32 The Hairy Devil

“To untangle a snarl, loosen all jams or knots and open a hole

through the mass at the point where the longest end leaves the

snarl. Then proceed to roll or wind the end out through the

center exactly as a stocking is rolled. Keep the snarl open and

loose at all times and do not pull on the end; permit it to

unfold itself.”

THE ASHLEY BOOK OF KNOTS



DURING the night a warm fluke, a tongue of balmy air, licked out from the mainland and tempered the crawling ice margins. The November snow decayed. On Friday afternoon Tert Card, wild with false spring, cut up at the office, played practical jokes, answered the phone in a falsetto and went to the washroom again and again. They smelled the rum on his breath. Nutbeem’s own excitement showed in high voice notes. His departure combined with a waxing moon.

“Going to get Bunny now and take her to Beety’s” said Quoyle. “Then I’ll be back.”

In Beety’s kitchen he drank a cup of tea quickly.

“Beety, it’s Nutbeem’s party tonight. I’m going out early to help him set things up and look over the trailer. God, you make the best bread.” Wolfing it down.

“Well, maybe I won’t be making it no more if Allie Marvel gets her bakery shop going this spring. Bread keeps you tied down to the house and there’s things I’d like to do.” She whispered, “If Dennis can stand it.”

“Dad,” said Bunny, “I want to go to the party.”

“Not this one, you don’t. This is a men’s party. It would not be fun for you.”

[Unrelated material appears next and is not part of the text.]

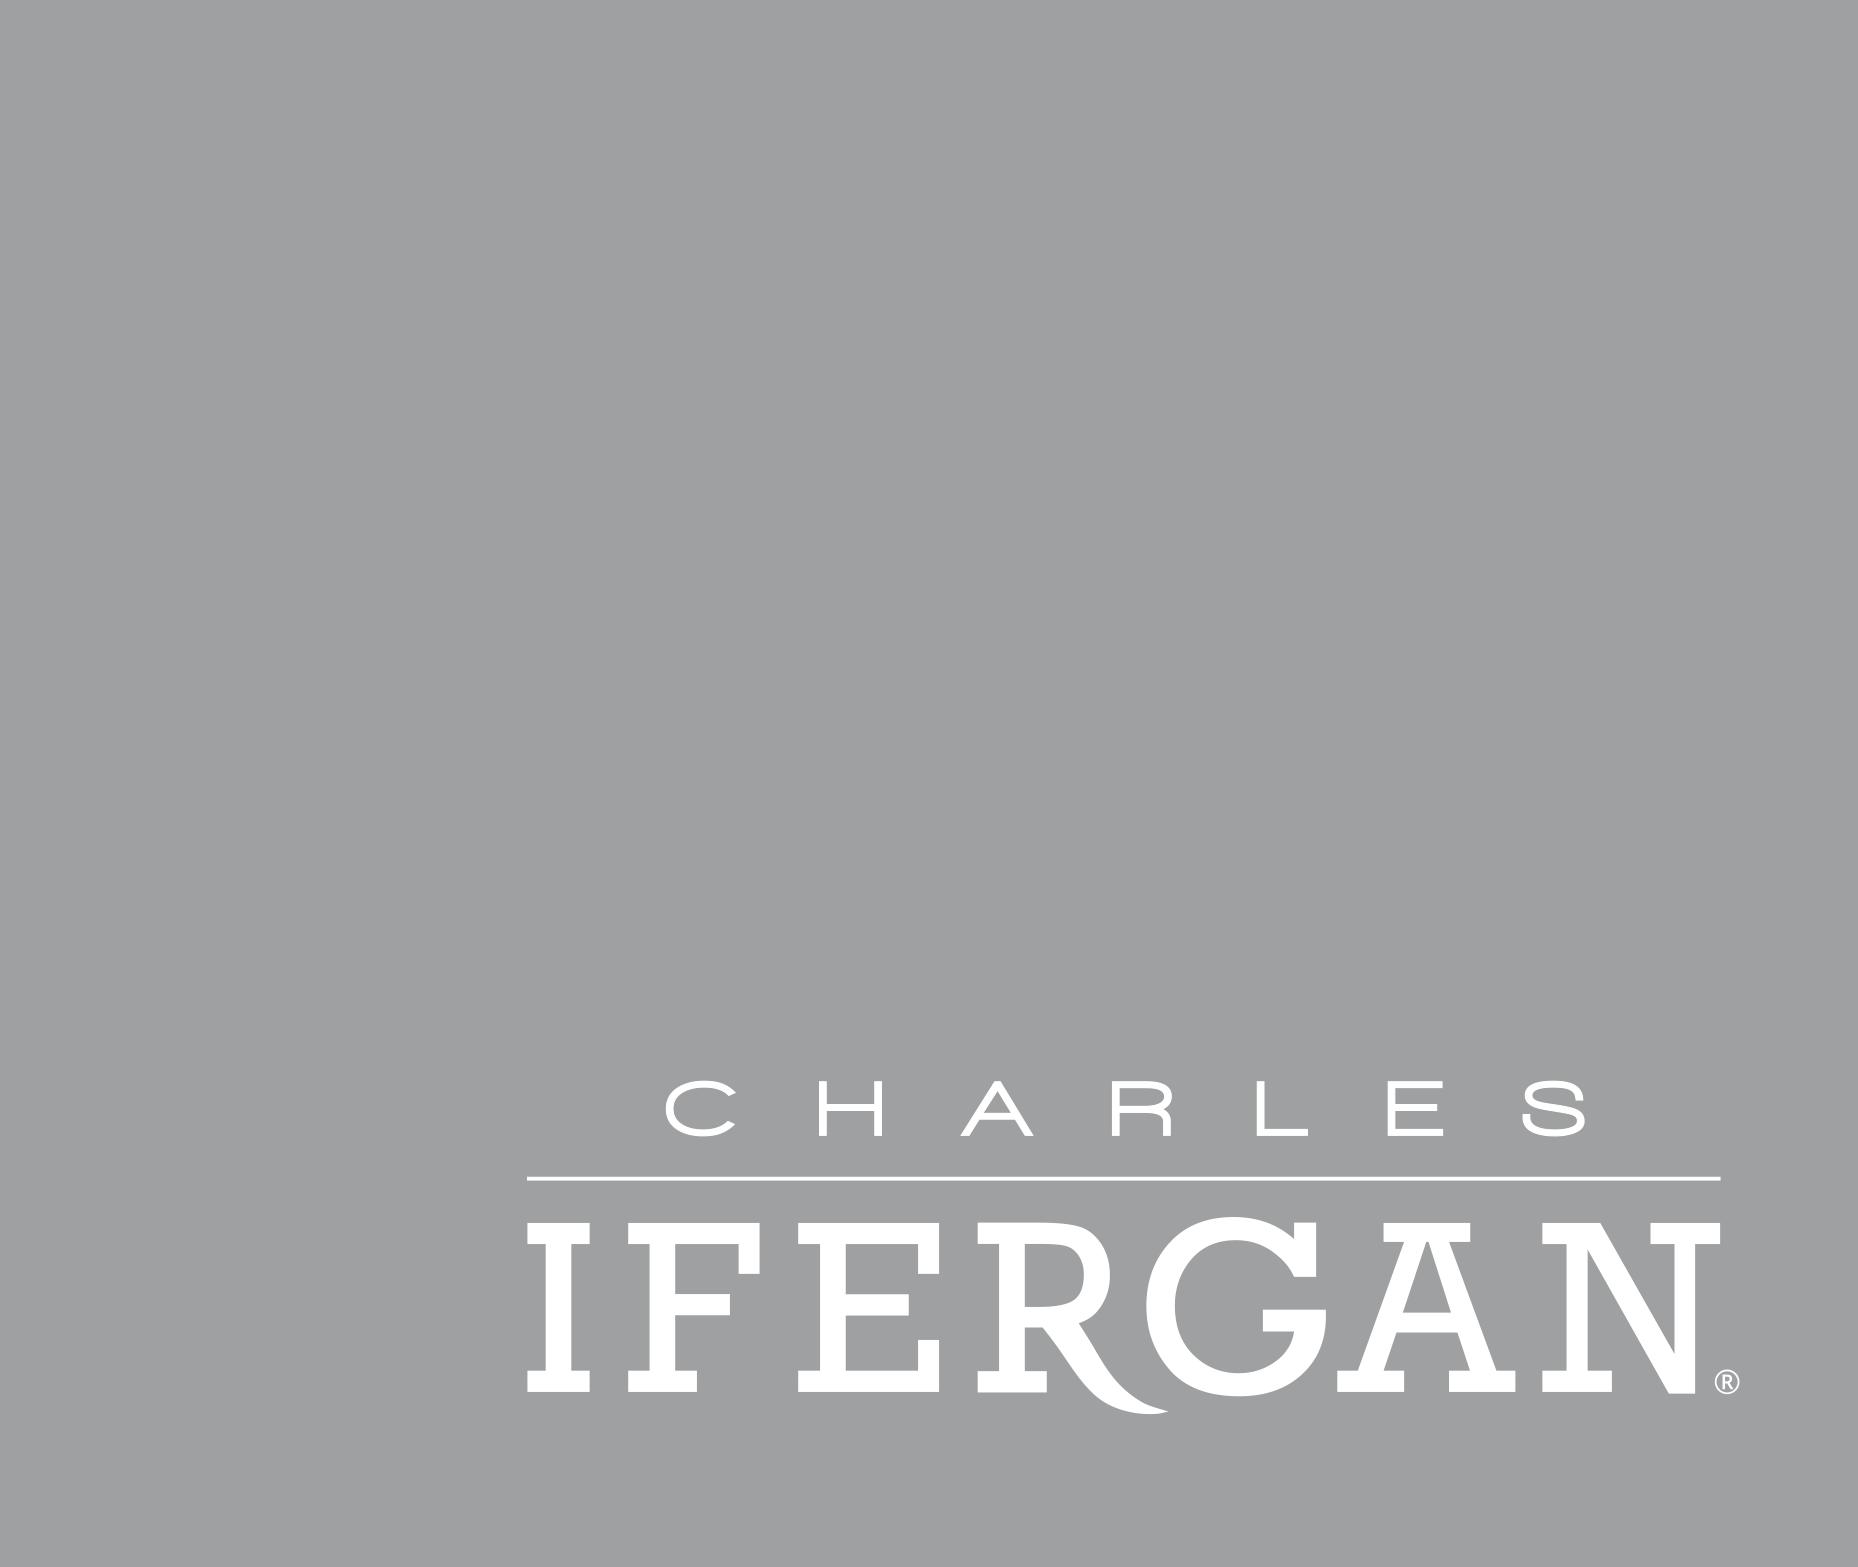 Charles Ifergan-Chicago

“Hey, Quoyle,” said Dennis from in front of the television set in the living room, “suppose you won’t be back here tonight.”

“Well, I will,” said Quoyle, who was sleeping on a cot in the basement workshop until they could move into Nutbeem’s trailer. “Because I’ve got a long day tomorrow. Since the roads are clear. Got to get some things that are still out at the house on the point in the morning, then help Alvin with the boat.”

“If the girls have got spare mittens out there,” said Beety, “bring them back. Show your dad, Sunshine, what happened to your mitts.” The little girl brought a stiff, charred thing.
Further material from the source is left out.